Metrics (predefined in library and custom implementations) using concatenation dist_reduce_fx="cat" and CPU computation compute_on_cpu=True raise an error when training in multiple GPUs (ddp). The concrete error is RuntimeError: No backend type associated with device type cpu.

To Reproduce

Code sample:

import torch
from lightning import Trainer, LightningModule
from torch.utils.data import DataLoader
from torchmetrics import AUROC


class LitModel(LightningModule):
    def __init__(self) -> None:
        super().__init__()
        self.layer = torch.nn.Linear(1, 1)
        self.auroc = AUROC(task="binary", compute_on_cpu=True)

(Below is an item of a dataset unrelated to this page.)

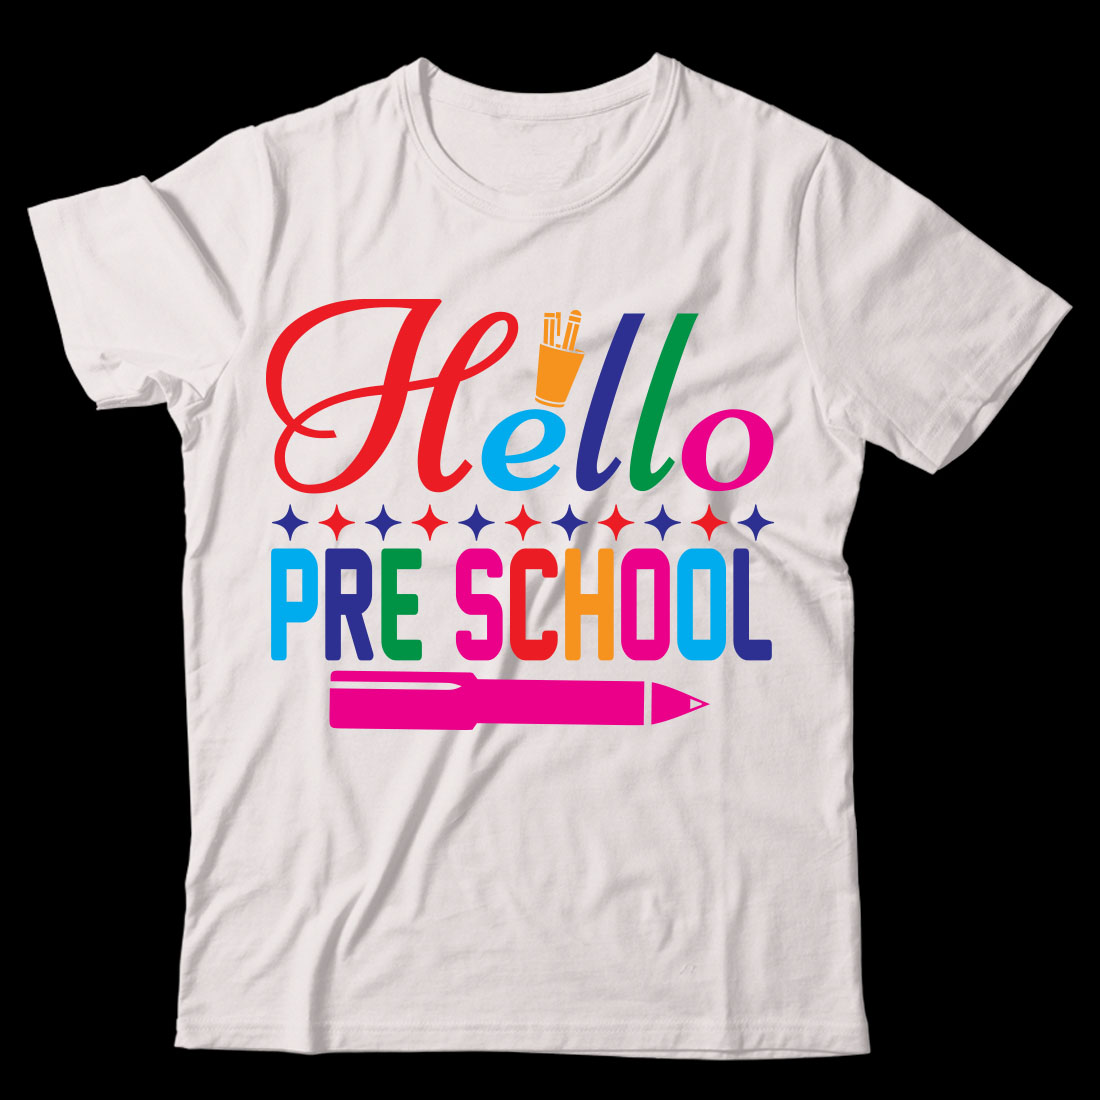 White t - shirt that says hello pre school.

    def training_step(self, x):
        preds = torch.tensor([0.13, 0.26, 0.08, 0.19, 0.34]).cuda()
        target = torch.tensor([0, 0, 1, 1, 1]).cuda()
        self.auroc(preds, target)
        self.log("train_auroc", self.auroc, on_step=True, on_epoch=True)
        loss = self.layer(x).mean()
        return loss

    def configure_optimizers(self):
        return torch.optim.SGD(self.parameters(), lr=0.1)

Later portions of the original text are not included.